Drop a zero and we'll shake on it. :D
 
When are we going to see this high res stuff start trickling down to the 22" size? (Example; 22" 2560*1440)
since there's no 13" full HD desktop monitor, I guess it'll never be.
 
5k on 27 inch. OK!.
 
I must be crazy, but 1080p blurays look outstanding on a 60 inch TV. I really don't see the point of more pixels.

That said, 10-bit IPS panels are great regardless of resolution.
 
since there's no 13" full HD desktop monitor, I guess it'll never be.
I really don't get why that is. If laptops and tablets can have them, why can't they stick them in a frame and put ports on it? I think VESA should make a panel standard not unlike SATA-IO group did with the SATA data + power connectors. I'm not aware of any technical reason why you shouldn't be able to buy any given panel in a specific form factor and be able to upgrade/downgrade it just by removing the frame and popping another in. One should be able to buy a laptop with a 15" 1600x900 screen, for example, and upgrade it with a 15" 1920x1080 touchscreen. What we have now is terribly inefficient and wasteful.
 
I really don't see the point of these ridiculous resolutions. On a phone I want about 290-300PPI and on a laptop I want around 150PPI and on a desktop I like it around 120PPI but in 21:9 so ideally a 29" 3440x1440 screen.
 
I must be crazy, but 1080p blurays look outstanding on a 60 inch TV. I really don't see the point of more pixels.

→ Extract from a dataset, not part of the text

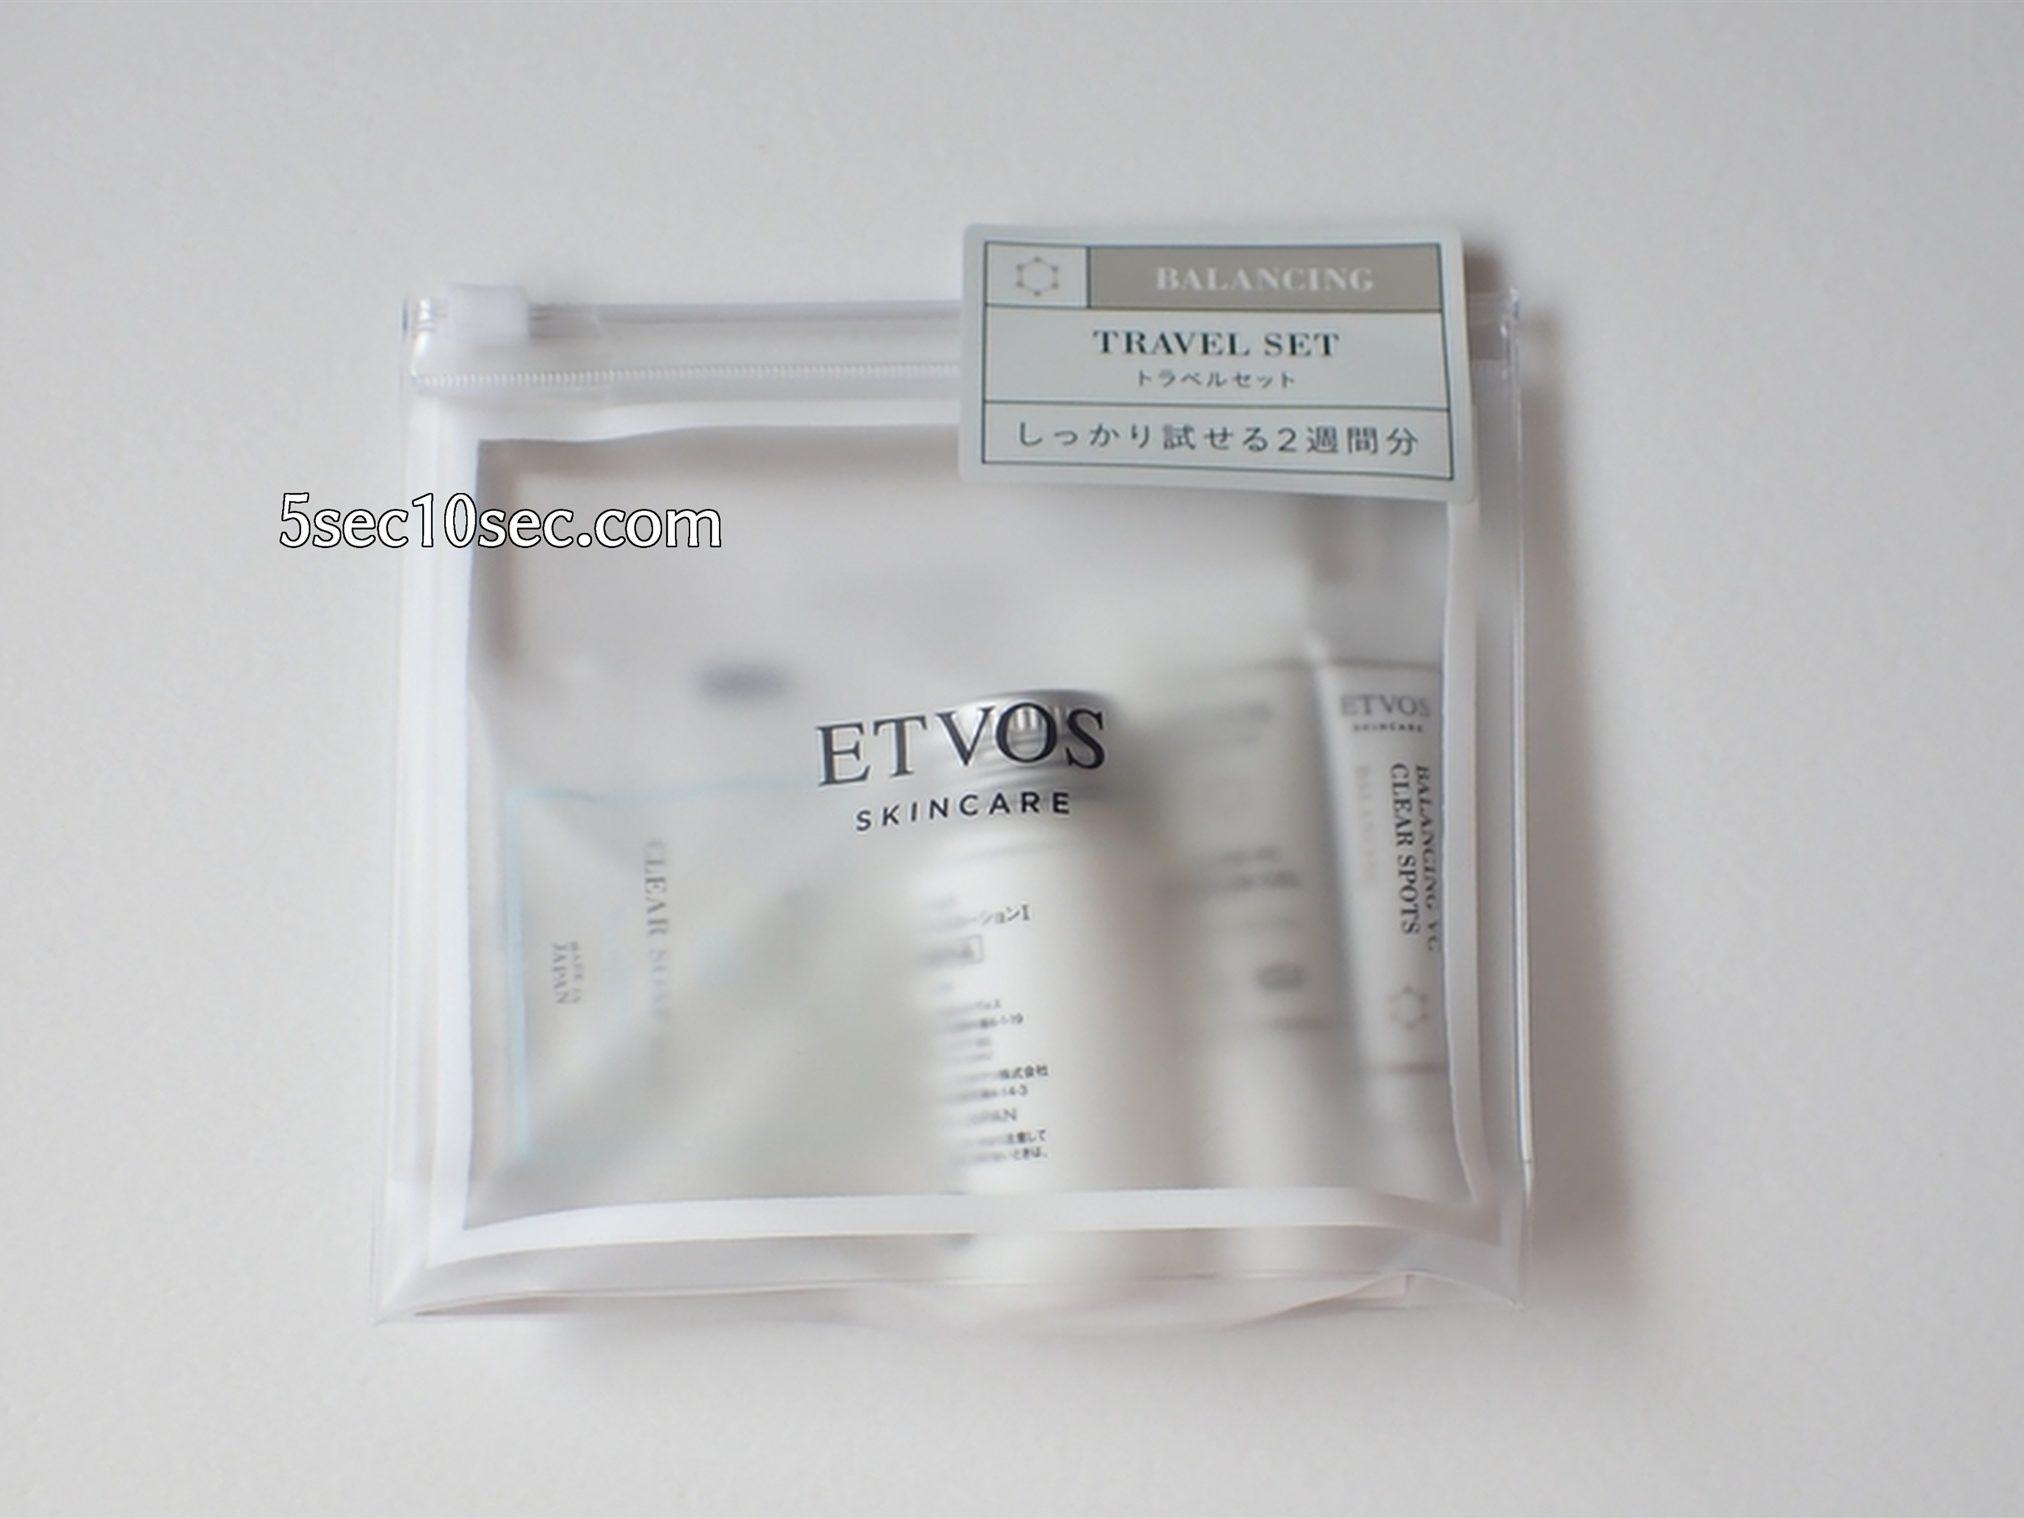 エトヴォス バランシングラインお試しセット パッケージ写真

You're not crazy, you're just overlooking the fact that people sit a lot closer to monitors than they do to TVs. The closer you are, the higher DPI you need to not see the pixel edges.

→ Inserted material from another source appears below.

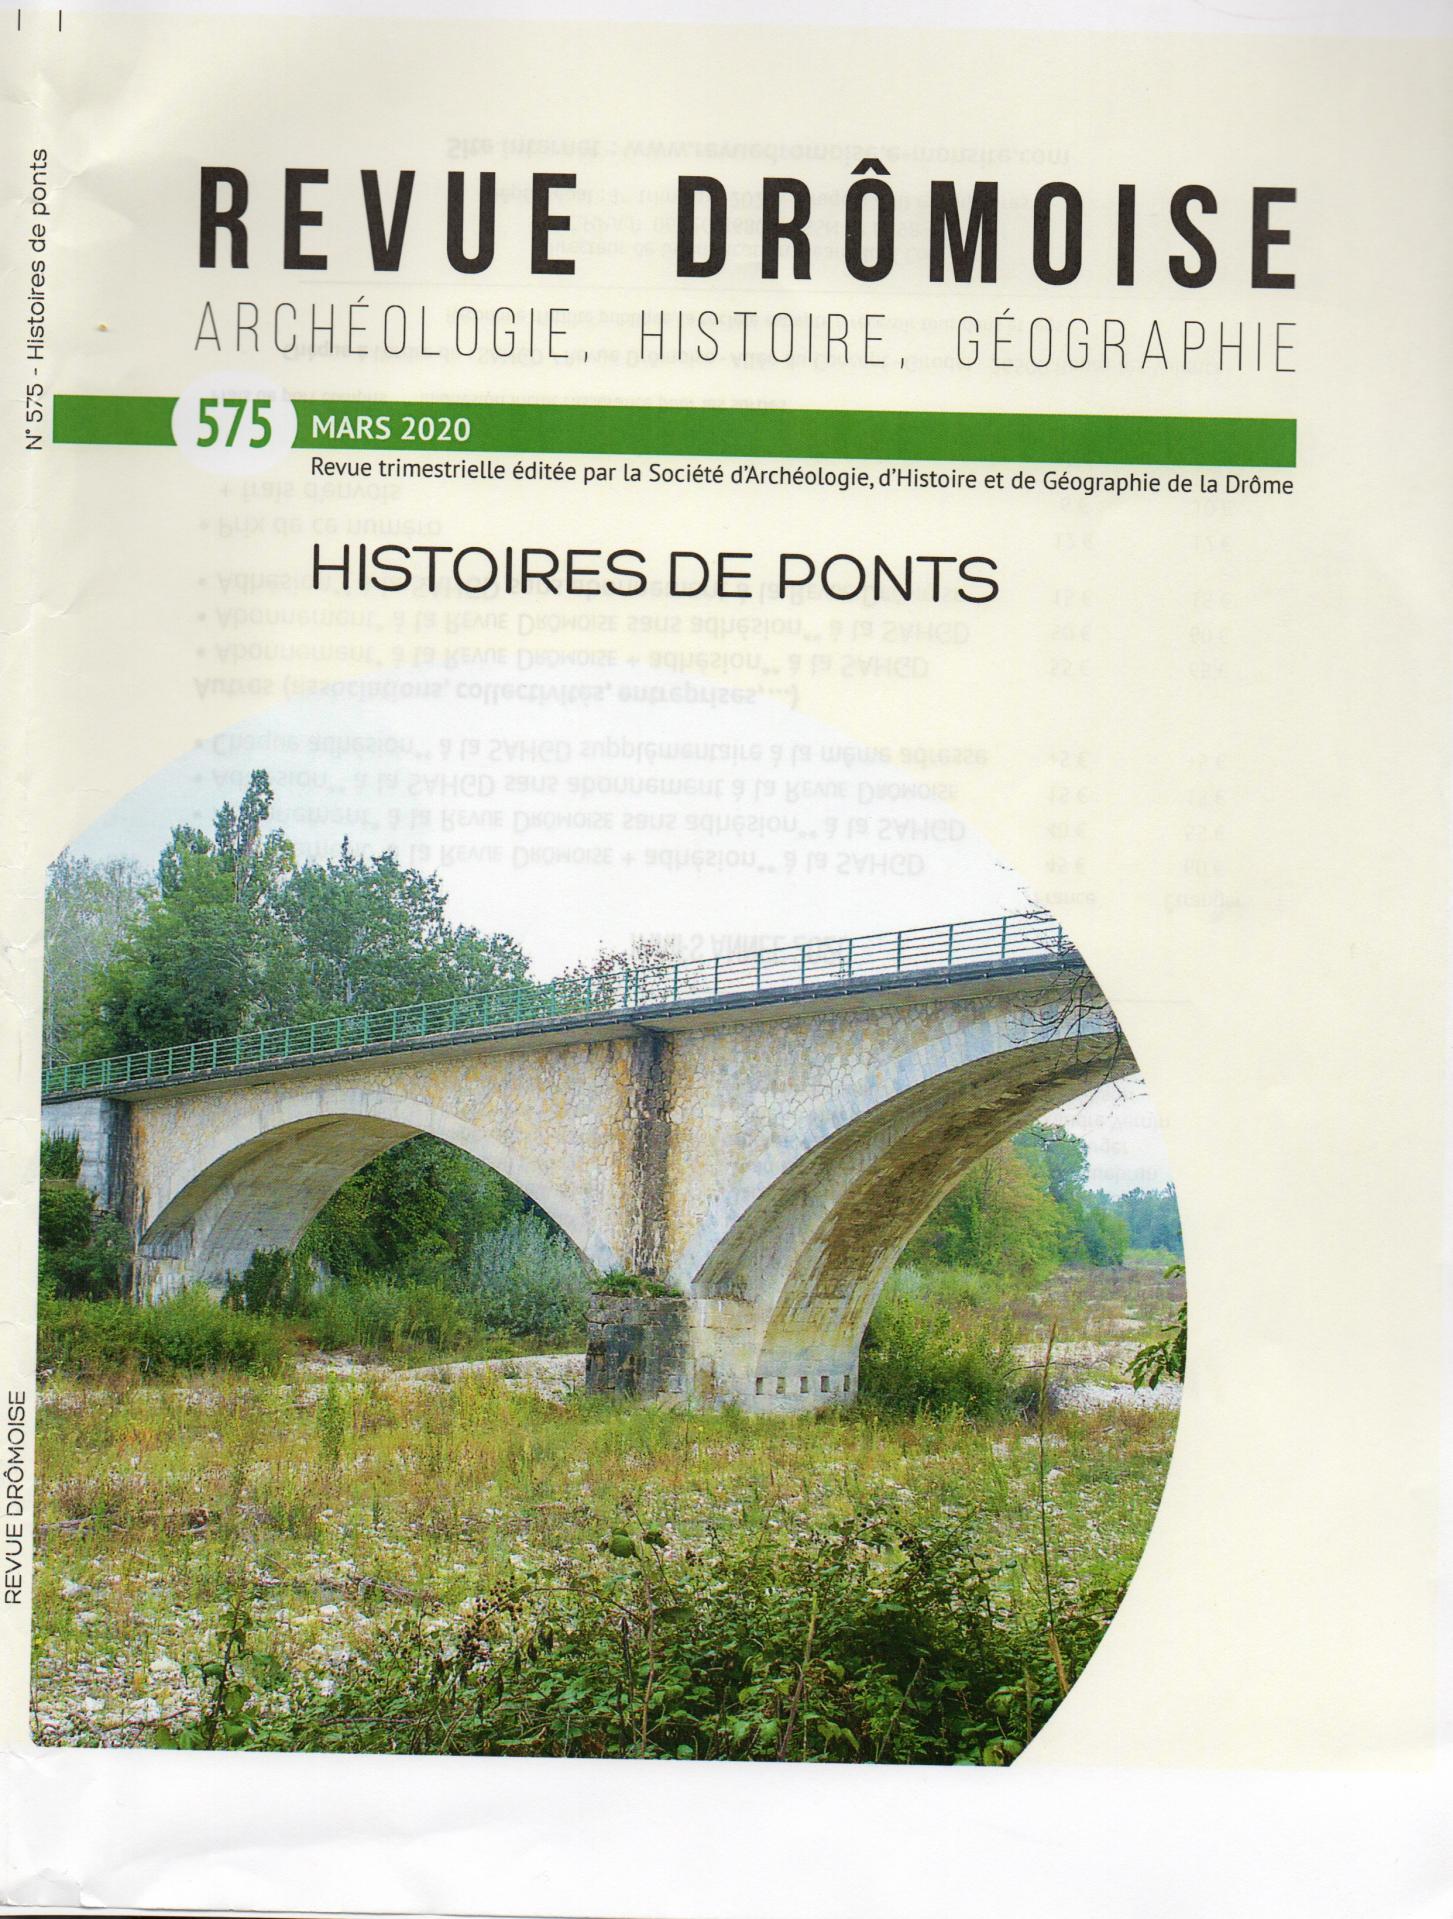 Revue drômoise n° 575

Besides, text at small point sizes is a lot more demanding than video images. Once you've used a high-resolution smartphone or tablet, the text on a standard 96 DPI computer monitor looks blurry around the edges in comparison.
 
Native 5120 x 2880 pixels, but no comment about the quality and lag of the internal TFT scaler when feeding it a 2560x1440 signal. 5120 x 2880 for desktop, 2560x1440 for gaming. Perfect.
 
Untill they can do single panel, like the samsung UD590 or Acer Xb280HK. The display is useless for gaming.
 
What single cards can drive this display at respectable framerates in gaming?
 
What single cards can drive this display at respectable framerates in gaming?

Short answer? None.

The question is: Do you need to game at 5K? I might go so far to say that you don't see any difference whether it is 2560x1440 or 5120x2880 on the same screen-size while gaming. So why not doubling each pixel for gaming and enjoying high-DPI while on the desktop? 2560x1440 is easy, even for midrange cards now...
 
What single cards can drive this display at respectable framerates in gaming?

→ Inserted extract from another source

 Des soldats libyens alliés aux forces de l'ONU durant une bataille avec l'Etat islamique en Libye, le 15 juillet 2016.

Just speculation on my part but I think a single full chip Pascal GP210 will probably be able to handle almost all games at high to ultra settings on 4K. Maybe 2 years for that to come. As for 5K then I would guess the full chip successor to Pascal. probably another 2 years so my guesstimate is ~4 years before a single card will be able to run almost all games at high to ultra settings at 5K.
 
nobody needs this... we need more content in 4K so the mainstream can move along pass 1080p already!!!!! (I do not mean desktop icons with word "content" - yes you can look at super crisp recyclebin icon in 5K or "whatever"-K and that is about it)
 
That is all subject to what game you are playing. If you are playing the latest and greatest then no single card is going to do the work. but if you still rock old games like me... CS:Go then it will not matter.
 
I still think investing in something like this is insane. I would rather wait for a display connector that is designed to handle up to 8k. We know it's coming so we might as well get straight to the point and address the biggest problem with high resolution displays and that's display bandwidth (forgetting gpu performance at resolutions like that for a moment).